"""
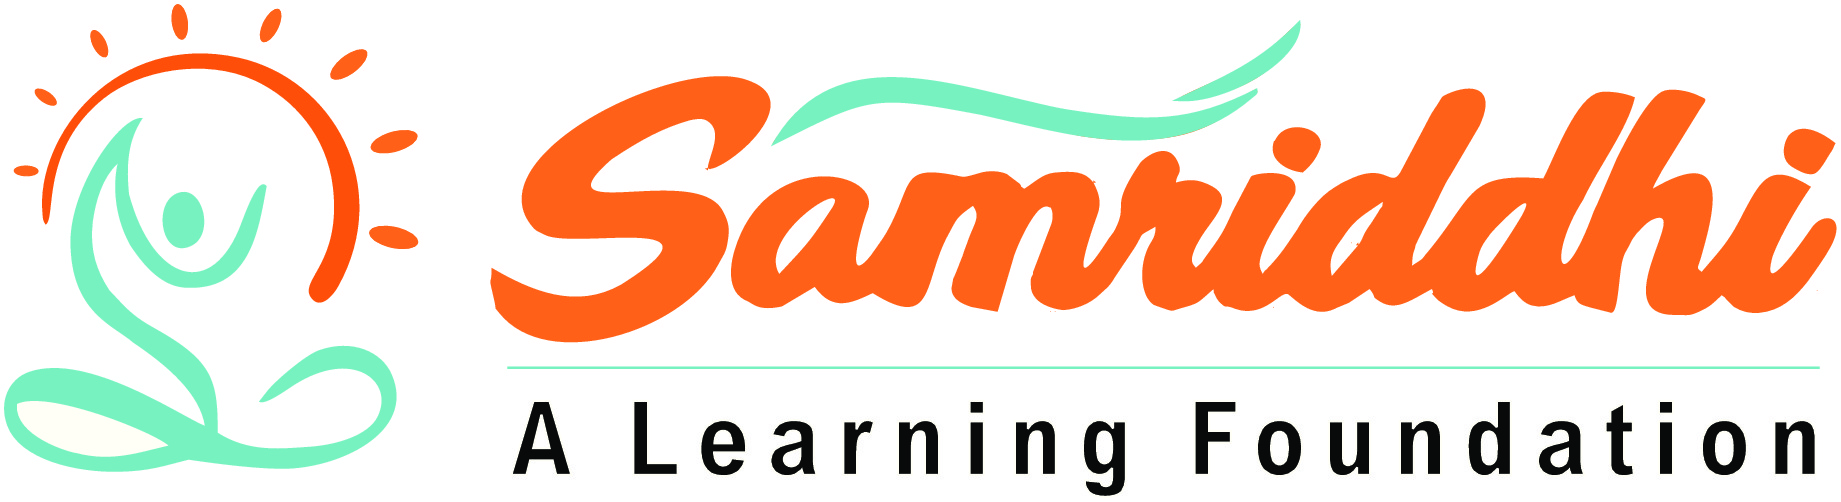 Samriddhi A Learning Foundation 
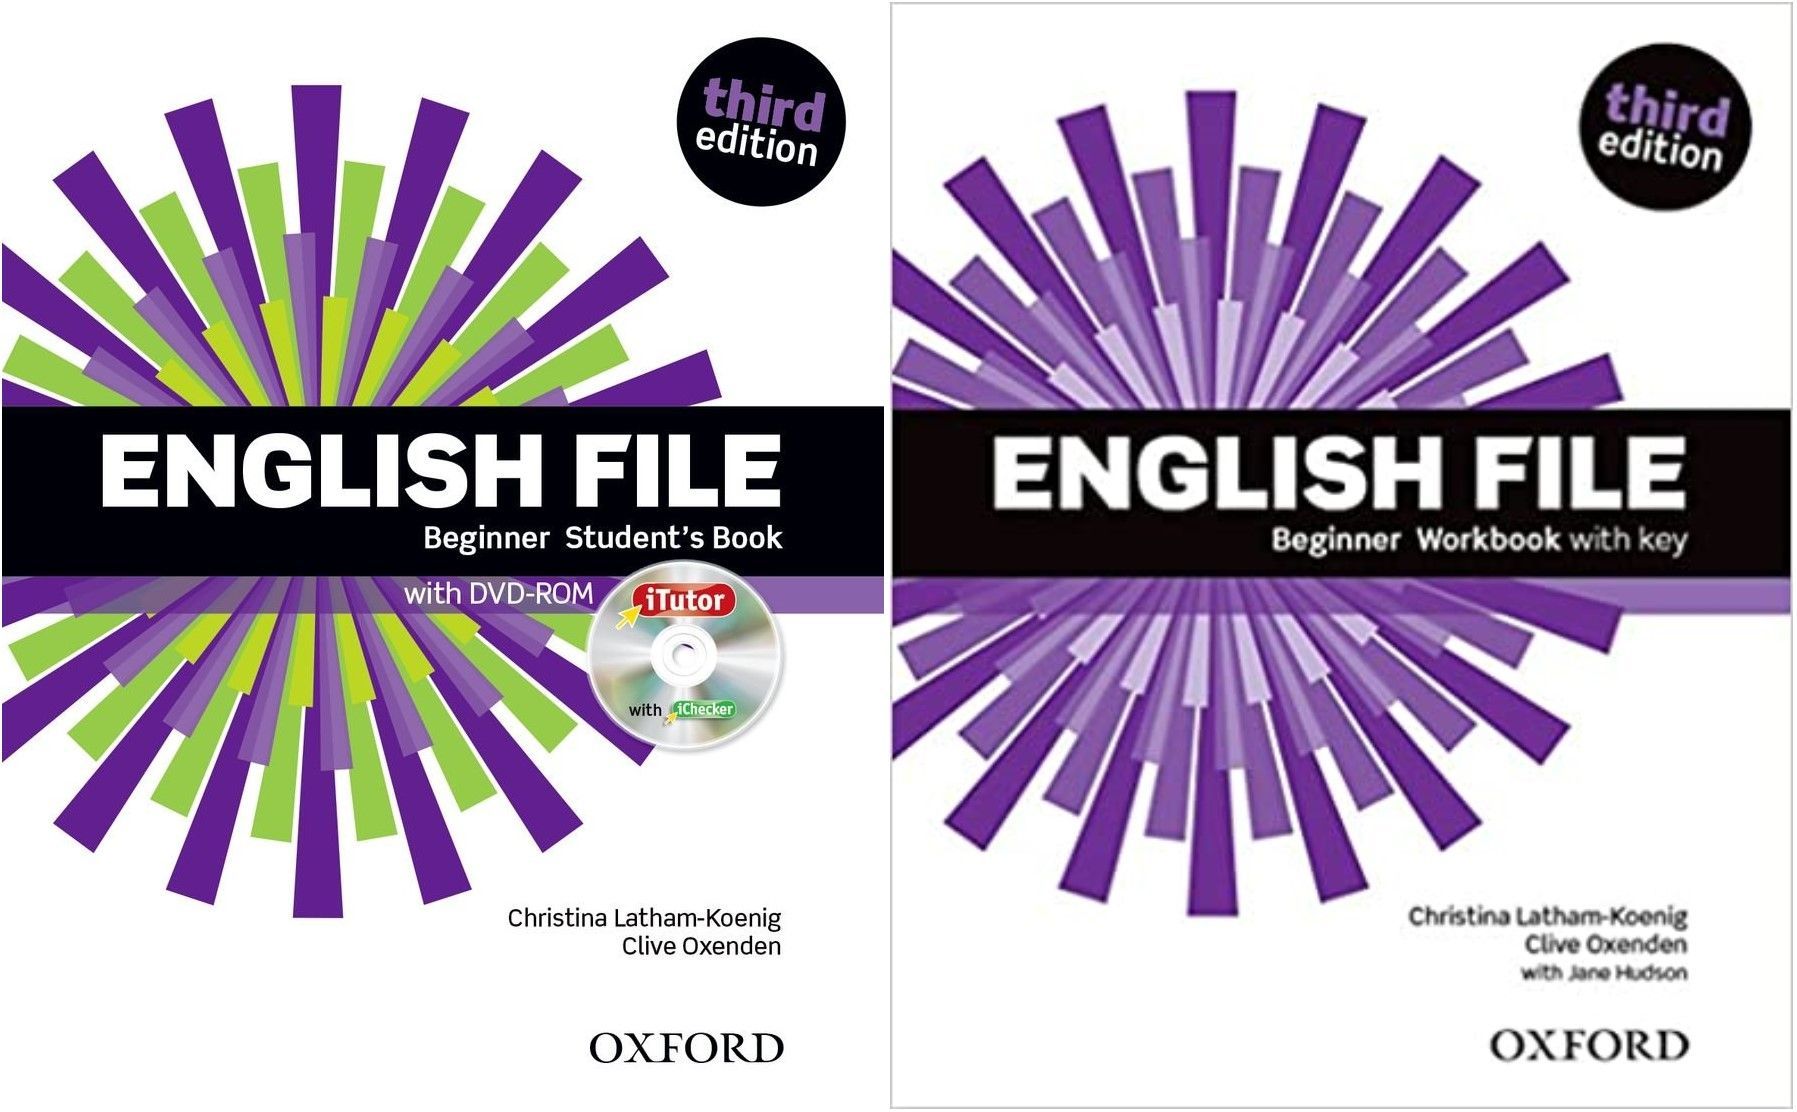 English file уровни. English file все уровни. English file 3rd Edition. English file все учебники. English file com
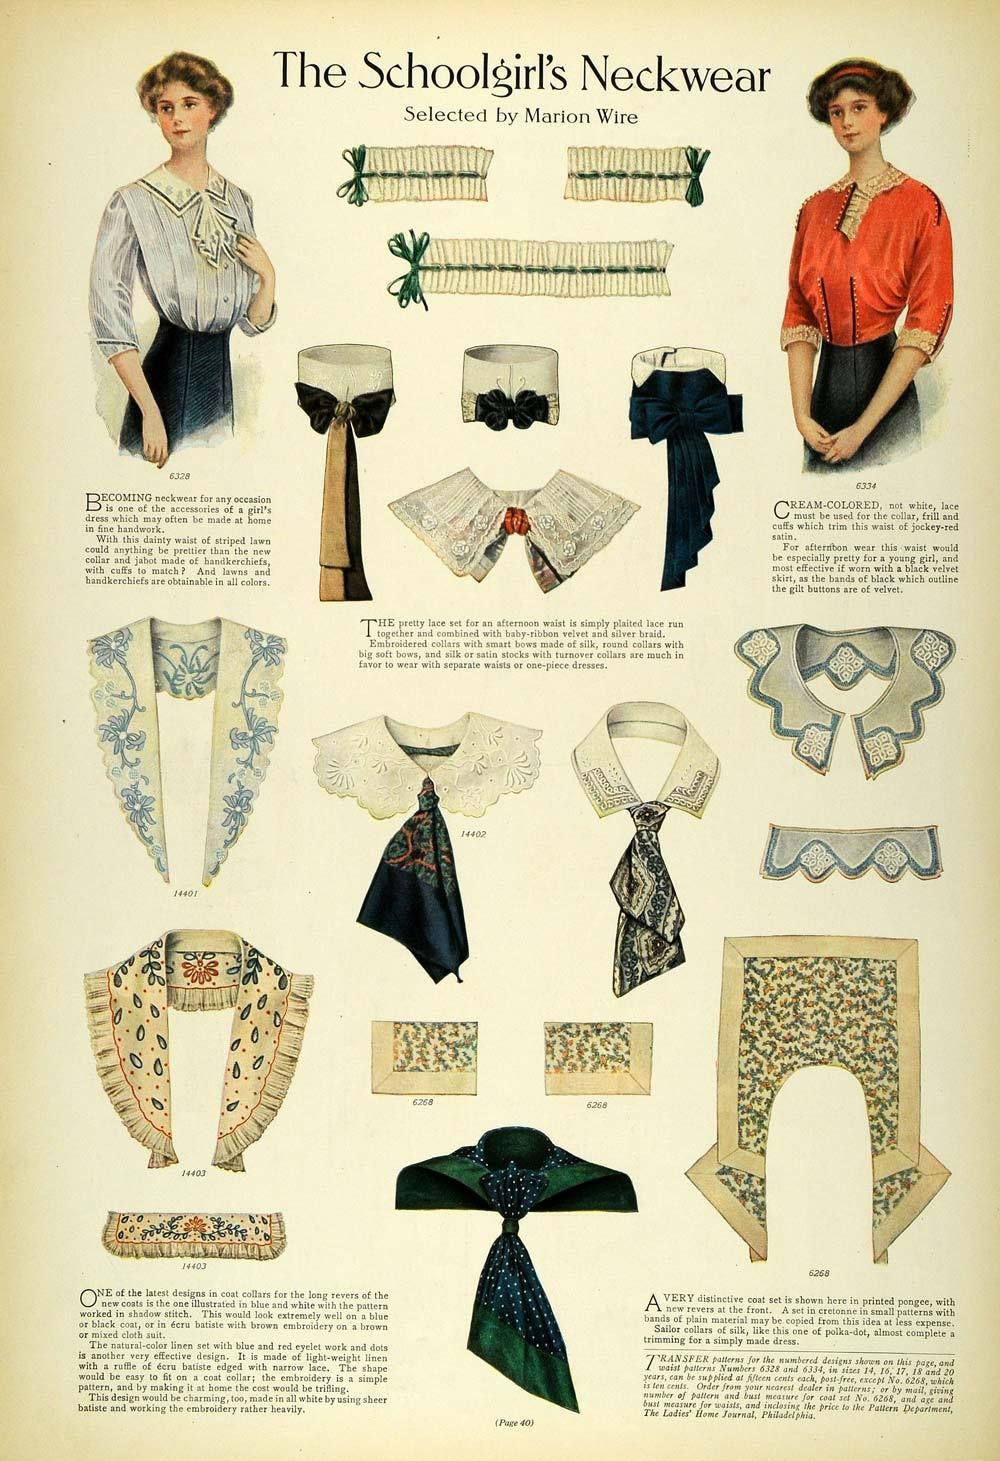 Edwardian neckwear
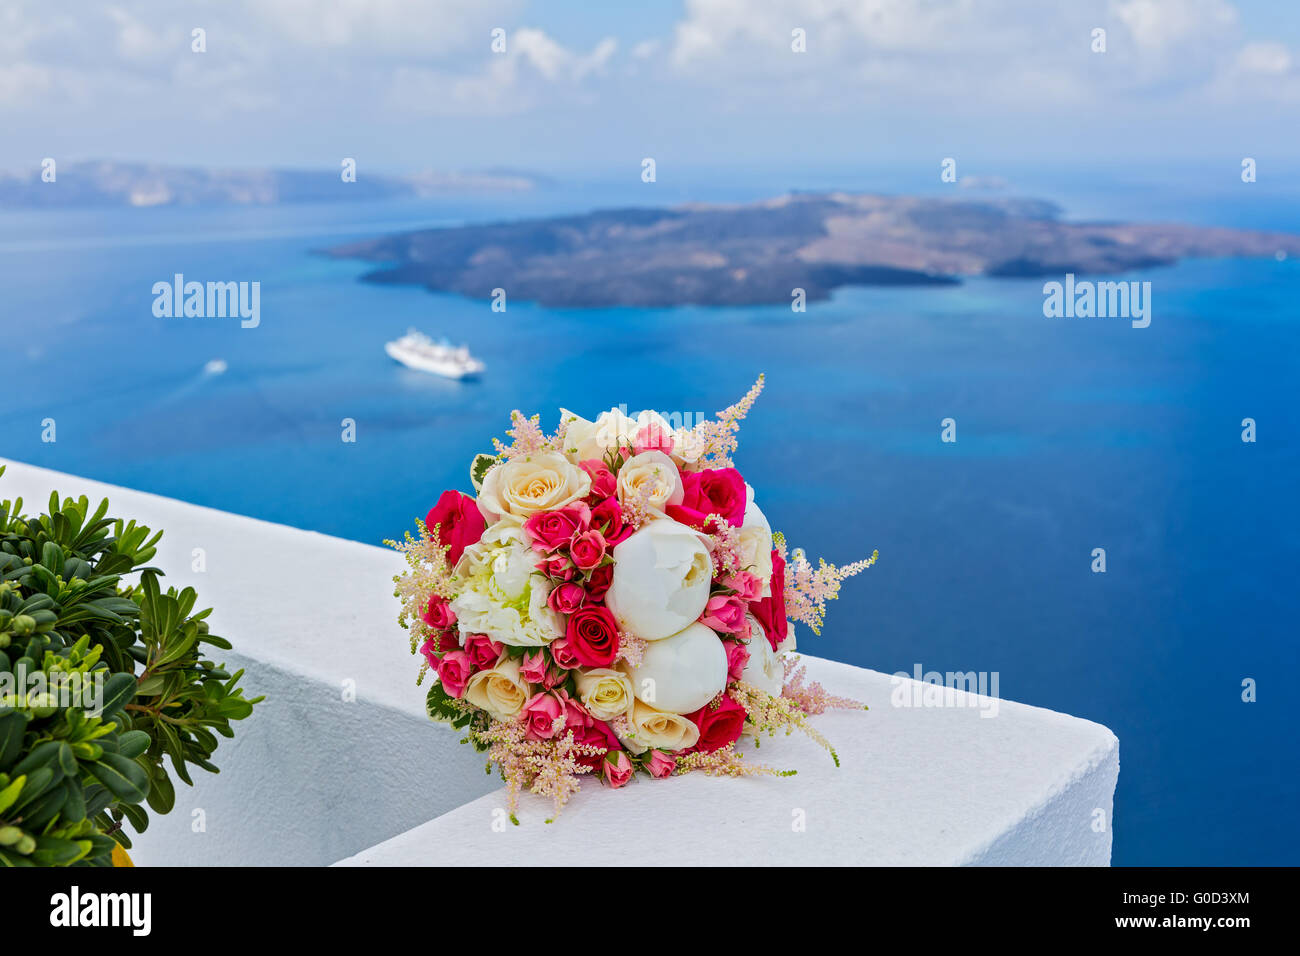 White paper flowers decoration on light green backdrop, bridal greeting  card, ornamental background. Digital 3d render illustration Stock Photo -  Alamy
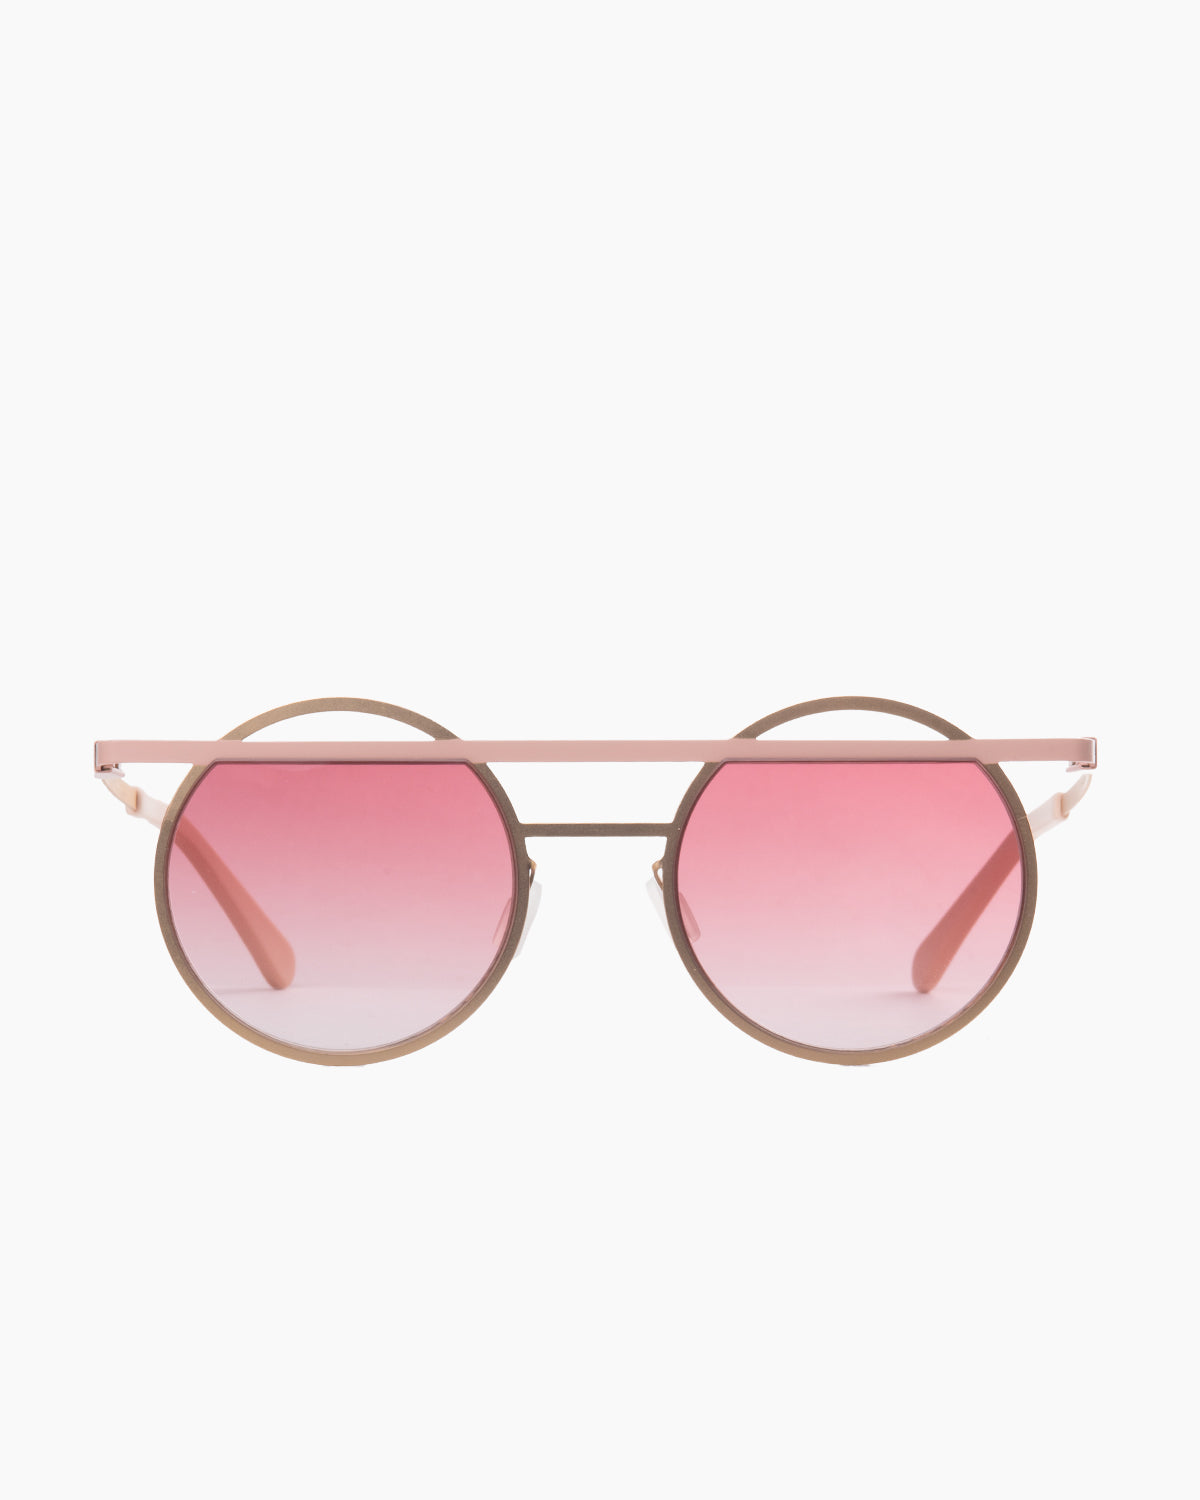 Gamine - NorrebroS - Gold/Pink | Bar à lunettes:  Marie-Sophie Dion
"""
The exact lines from the beginning of the data through the one that contains "Edwardian neckwear" must be given again, both ends included, and pictures must be left out.

SOLUTION.
 Samriddhi A Learning Foundation 
 English file уровни. English file все уровни. English file 3rd Edition. English file все учебники. English file com
 Edwardian neckwear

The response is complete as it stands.